Having a felony conviction on an individual’s record will affect their life in many ways, including:

  • Making it difficult to find employment;
  • Making it difficult to gain custody rights over their children;
  • Taking away the right to vote in elections; and
  • Taking away the right to own firearms.

In addition, if an individual who has a felony conviction, or a felon, is convicted of another crime in the future, their punishment may be increased based upon the number of felony convictions. This may result in a longer prison, sentence, higher fines, or other consequences.

What Should I Do if Someone is Blackmailing Me?

If an individual is being threatened by another individual to reveal private or personal information about them, their family, or their loved ones, they should take certain steps immediately. It is extremely important to inform the local authorities.

Due to new types of technology and the fact that most people have cameras on all of the devices they use on a daily basis, there is a greater chance of blackmail using technology. There are several steps an individual can consider taking, including:

  • Inform local law enforcement that they are being blackmailed;
  • Remember that giving in to the blackmailer’s demands will not likely stop their demands;
  • Do not confront the blackmailer, online or in person;
  • End all contact with the blackmailer immediately;
  • Place filters on an email account to block the blackmailer’s email address;
  • Block the blackmailer’s number on the individual’s cell phone;
  • Change the privacy settings on all social media accounts to share less information;
  • Change any passwords, such as email and other accounts, that may have been compromised;
  • Consider creating new accounts, email and otherwise, and advise recipients that those accounts were compromised and they should not open communication from them;
  • Put password protections on all devices;
  • Cover webcams when not in use; and
  • An individual can do an internet search for their name and set up alerts for any new online information.

It is very important to preserve all communications from the blackmailer as evidence of the crime.

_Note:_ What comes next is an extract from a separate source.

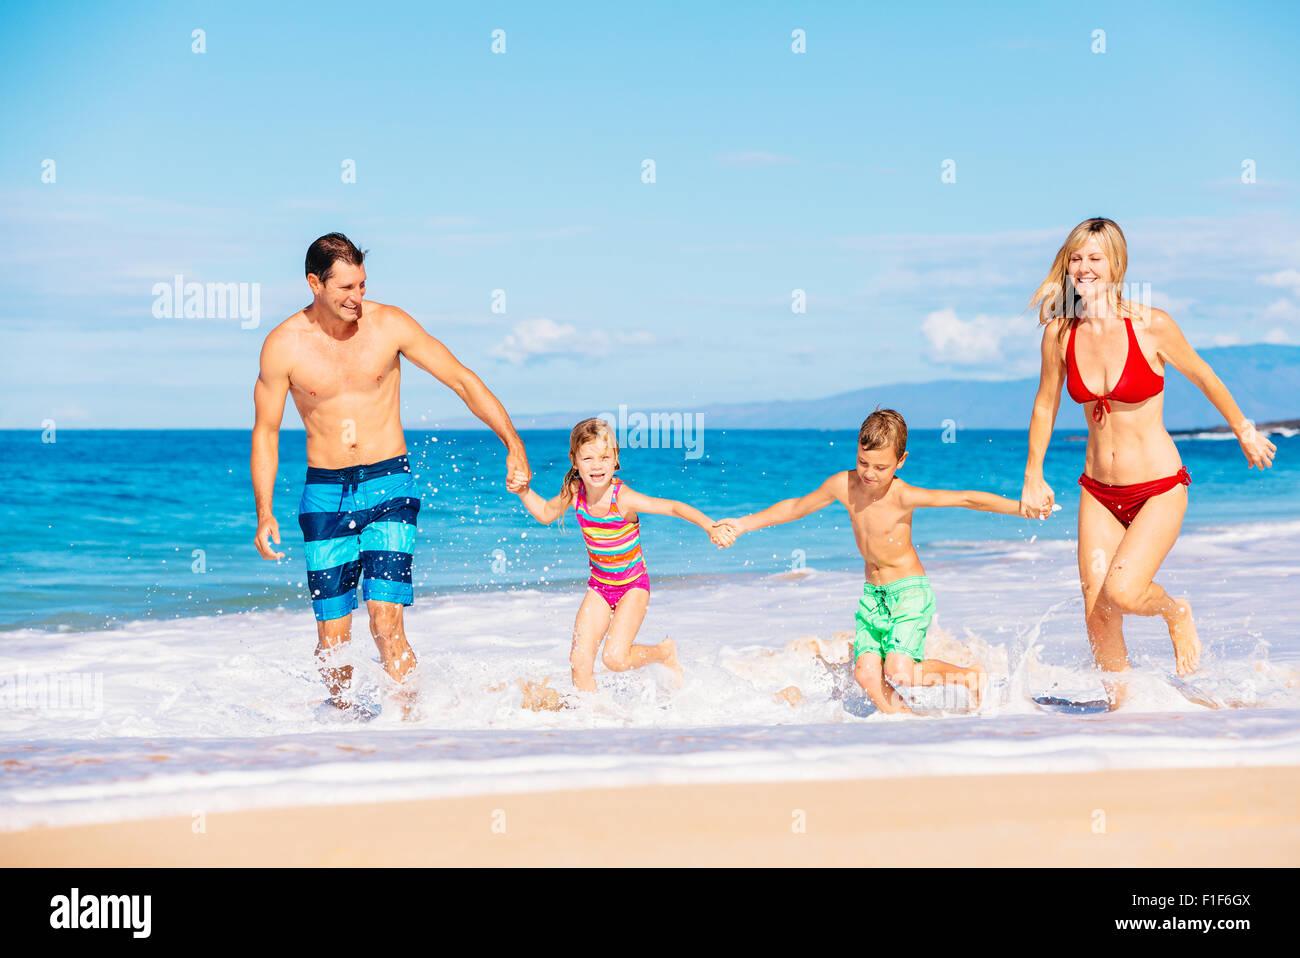 Vacances en famille. Happy Family having fun sur la belle plage ensoleillé chaud. Vie en plein air. Photo Stock

Although it may feel like some of the evidence is embarrassing, it may help an individual’s case.

If an individual deletes valuable evidence, it may be difficult or impossible for a lawyer to help them. It may also be helpful, if a victim is comfortable doing so, to supply a copy of any evidence obtained to another trusted individual, so it can be proven that the evidence was not tampered with.

It is also important to be aware that the crime of blackmail occurs when the threat to release the information is made, even if no money or property ever changes hands. If an individual is being blackmailed, the blackmailer is breaking the law whether or not the victim complies with their demands.

What are Possible Defenses to Extortion or Blackmail?

There are some possible defenses which may be used against a charge of extortion or blackmail. If an individual is accused of blackmail, extortion, or any other type of crime, they should contact a criminal lawyer immediately.

A criminal lawyer will be able to determine what defenses may be available to a defendant as well as represent them in court. Some possible defenses to extortion may include:

  • The defendant was falsely accused;
  • The defendant never made any types of threats and did not coerce the victim into providing money or property; and
  • No evidence exists to support the charge.

What Should I Do if I Am Accused of Extortion or Blackmail?

It is essential to have the assistance of a ​​criminal lawyer for any blackmail cases or extortion cases you may be involved in. If you are accused of extortion, blackmail, or any type of crime, it is important to conduct a criminal lawyer as soon as possible. Your attorney will be able to advise you regarding the laws in your state, what defenses are available to you, and represent you during any court appearances.